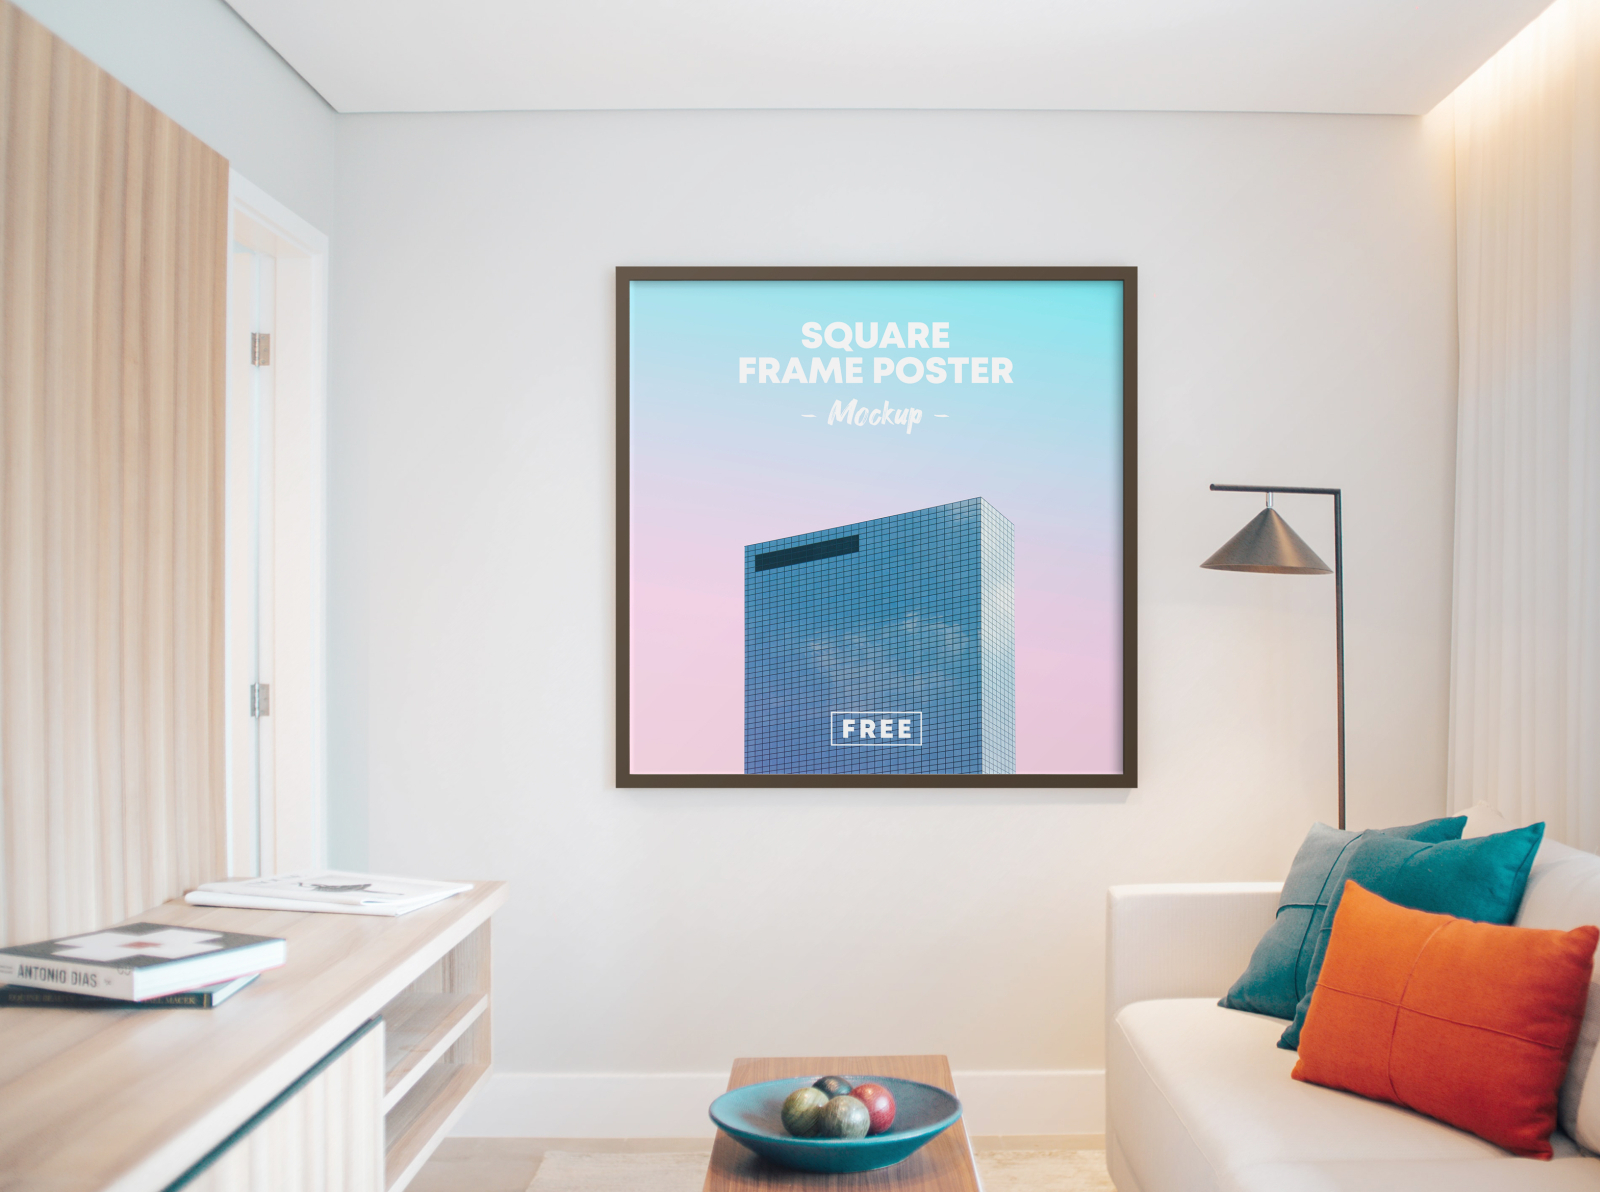 Download Square Poster Frame On Room Free Mockup By Pixelsdesign Net On Dribbble
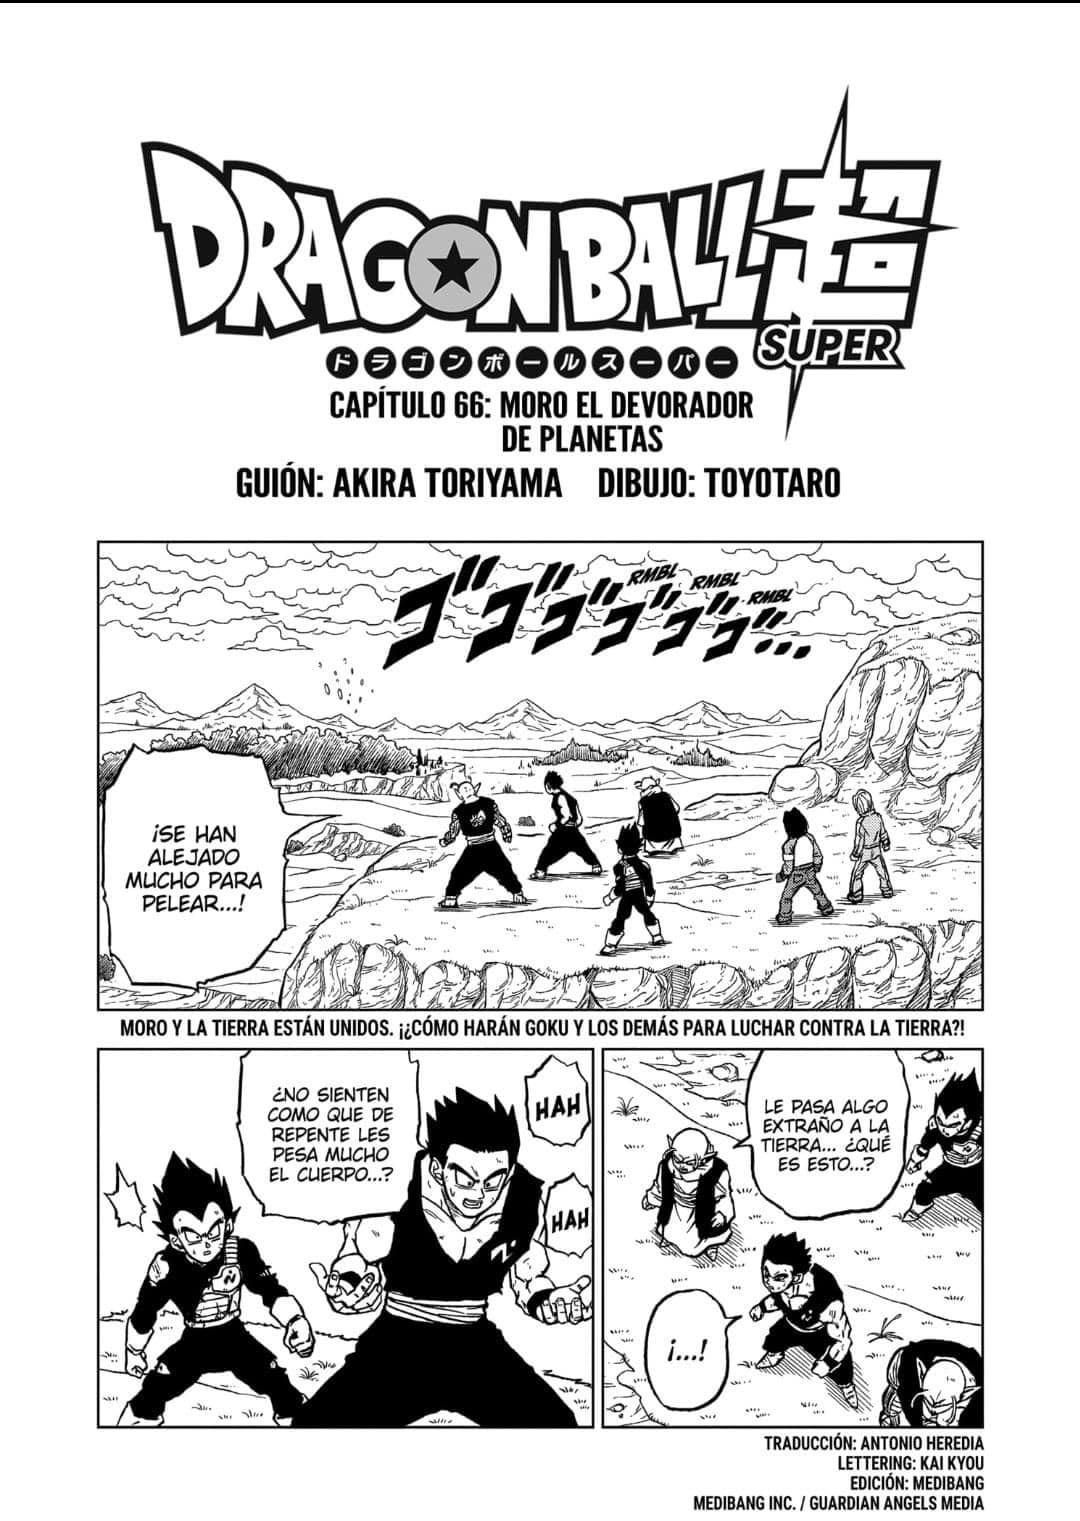 Manga Dragon Ball Super 66 Online - InManga
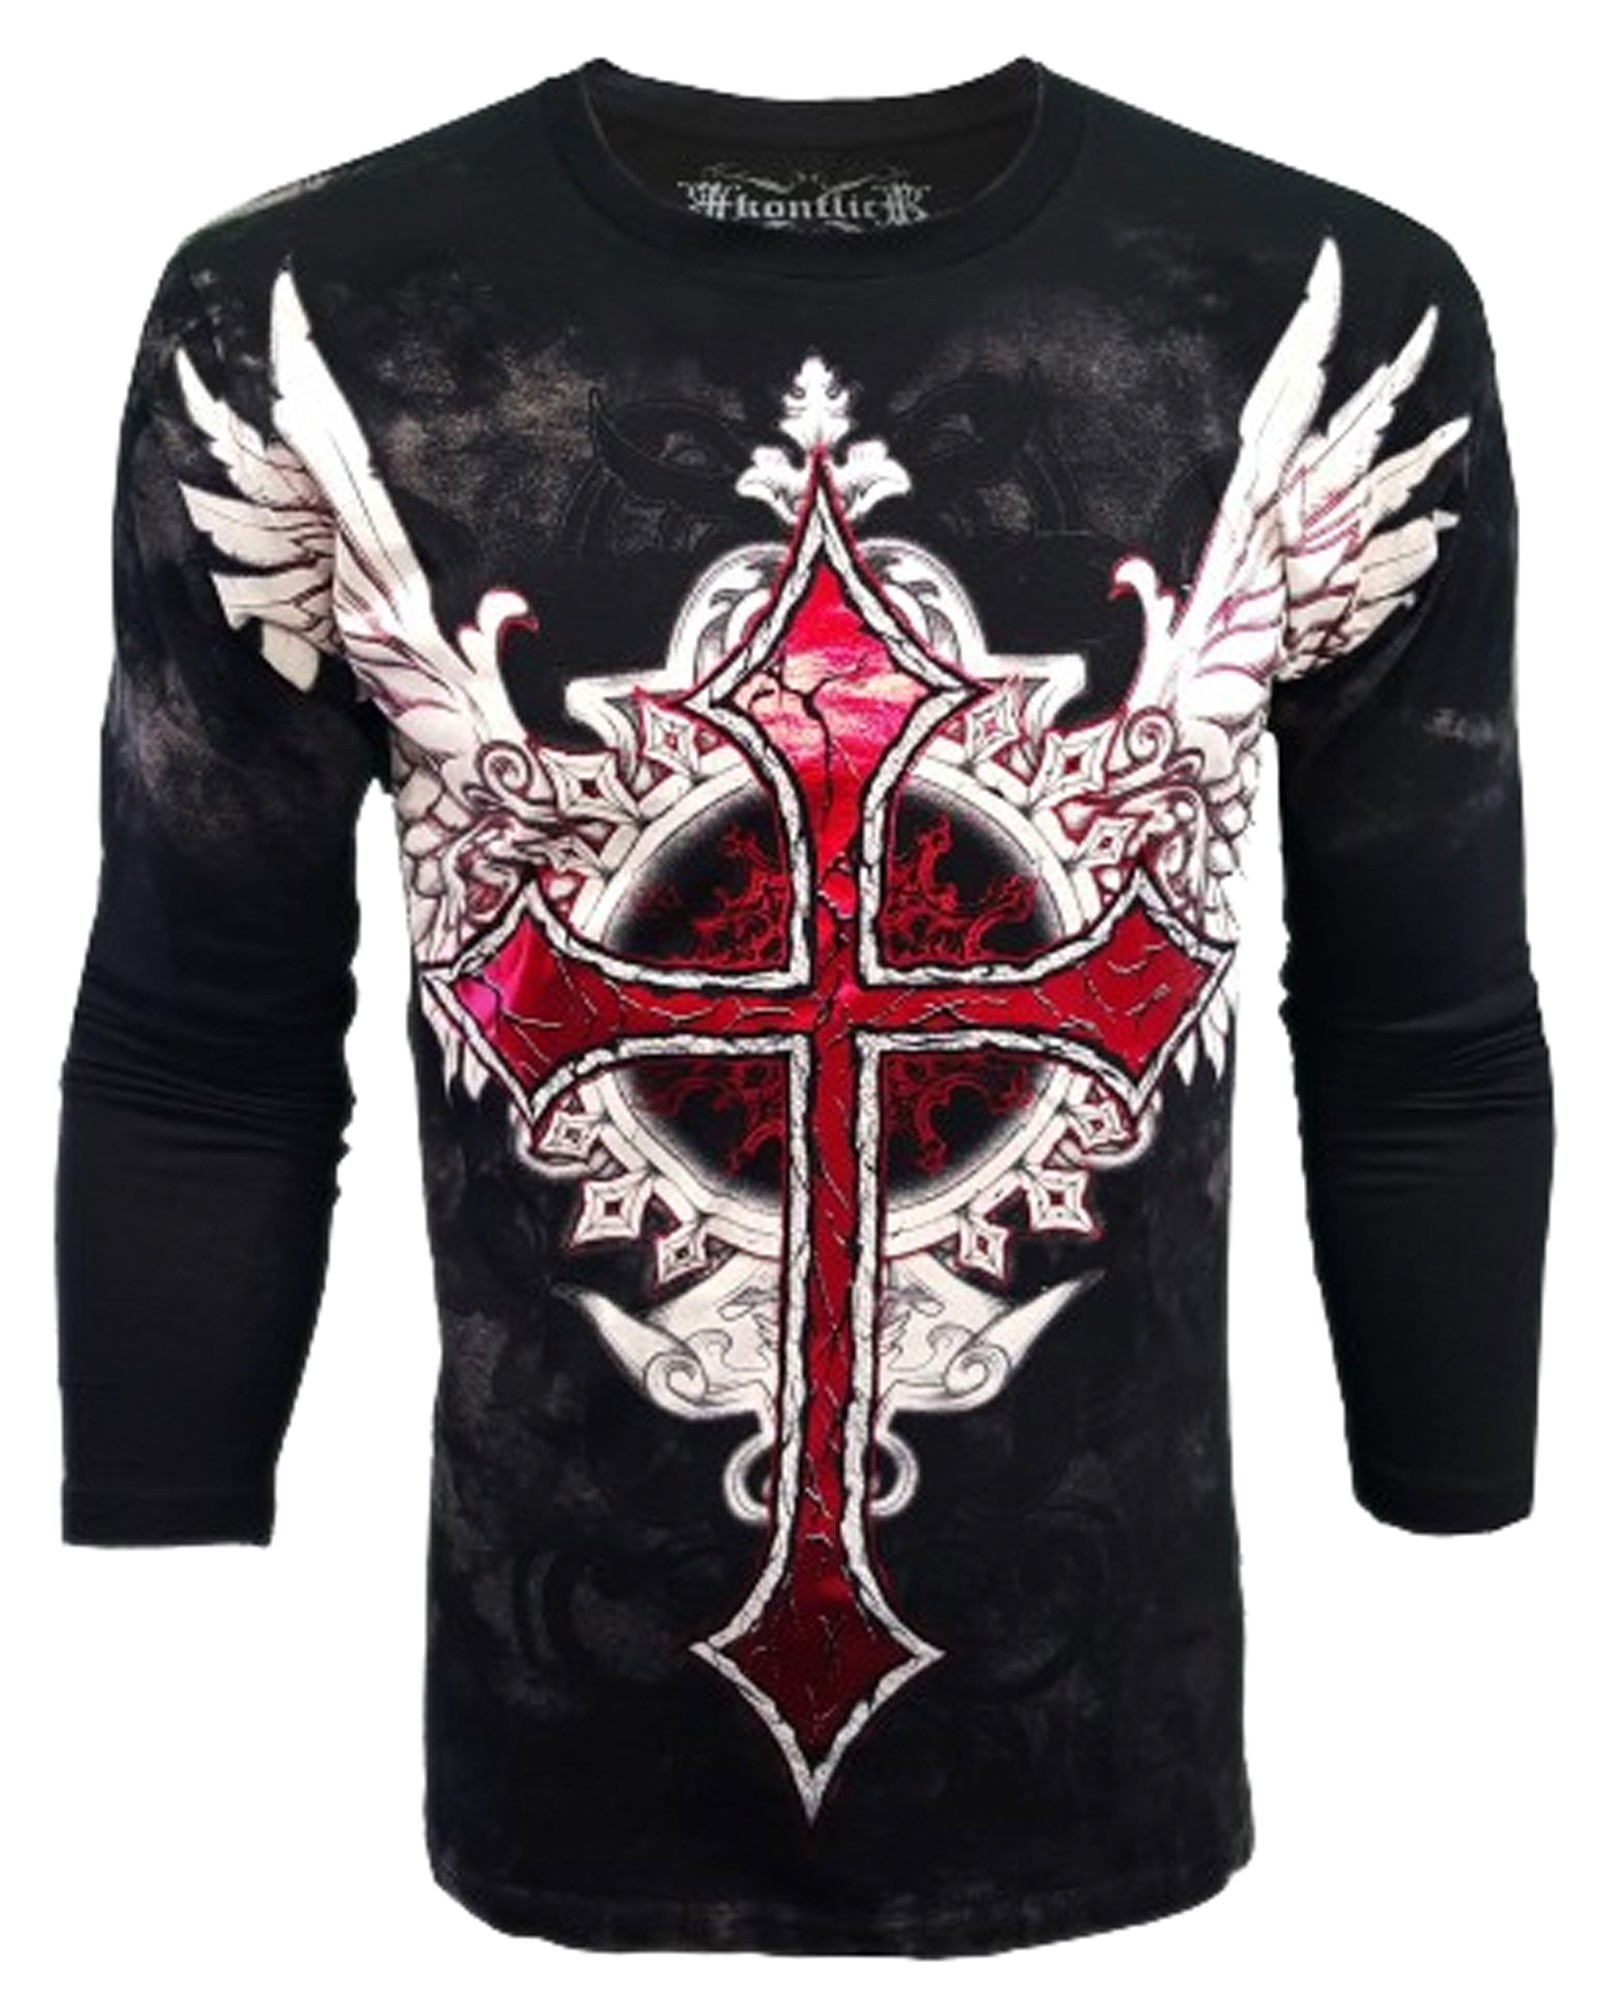 Konflic Clothing - Winged Cross Longsleeve T-Shirt
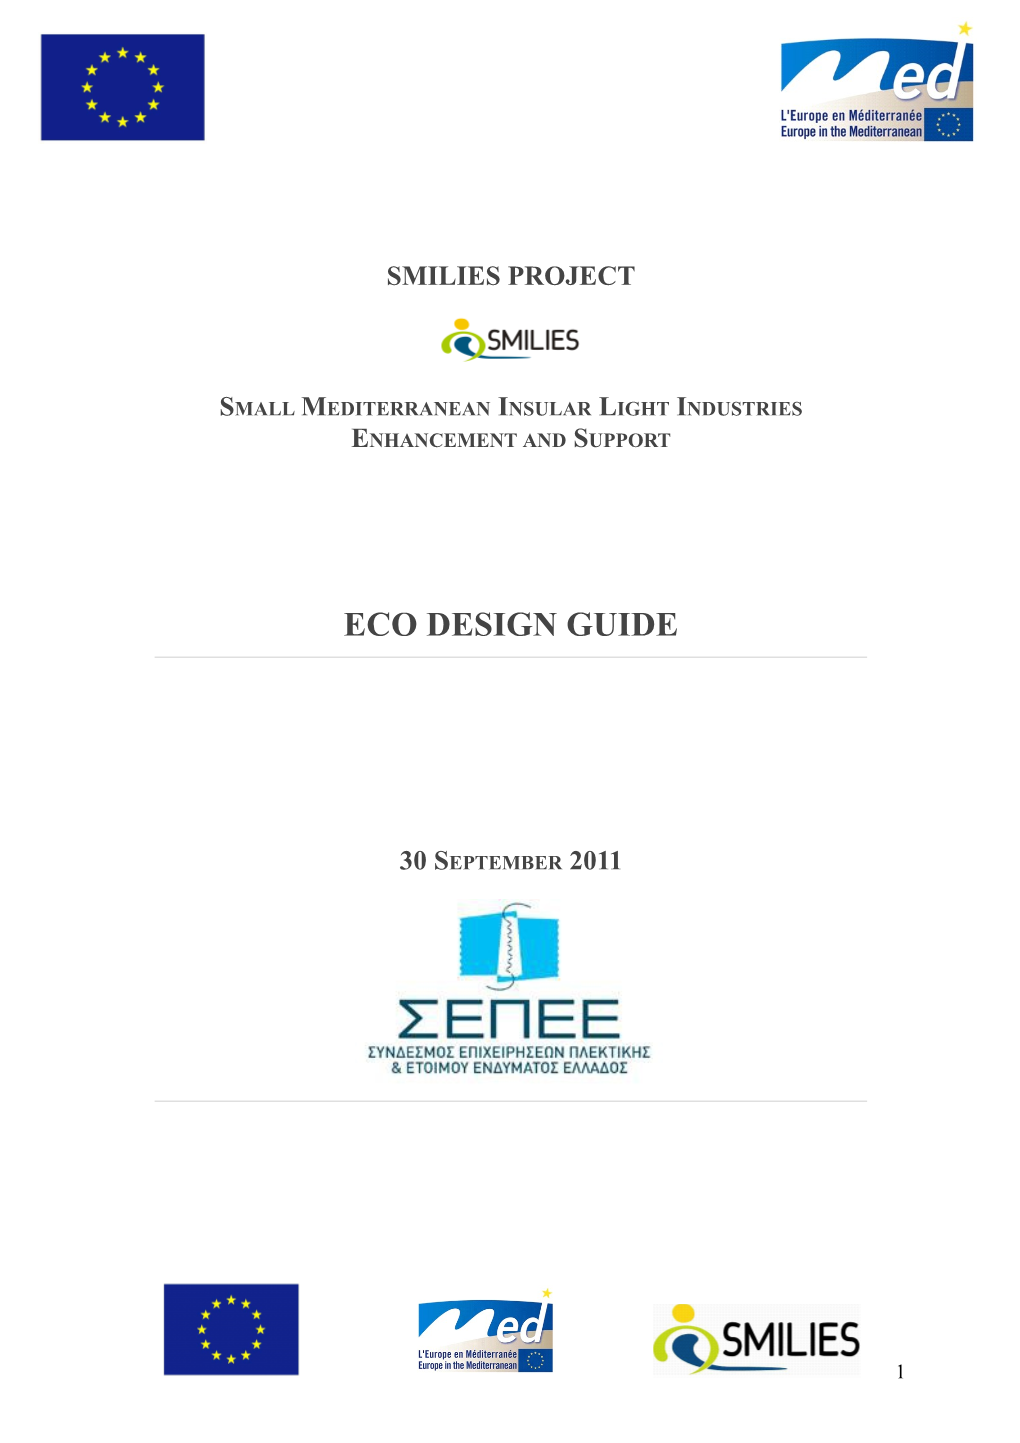 Small Mediterranean Insular Light Industries Enhancement and Support

§ **Task statement**
Set down exactly, line for line, the data from the line that contains "Konflic Clothing - Winged" through its last line, keeping pictures out.

§ **Written response**
 Konflic Clothing - Winged Cross Longsleeve T-Shirt
 Small Mediterranean Insular Light Industries Enhancement and Support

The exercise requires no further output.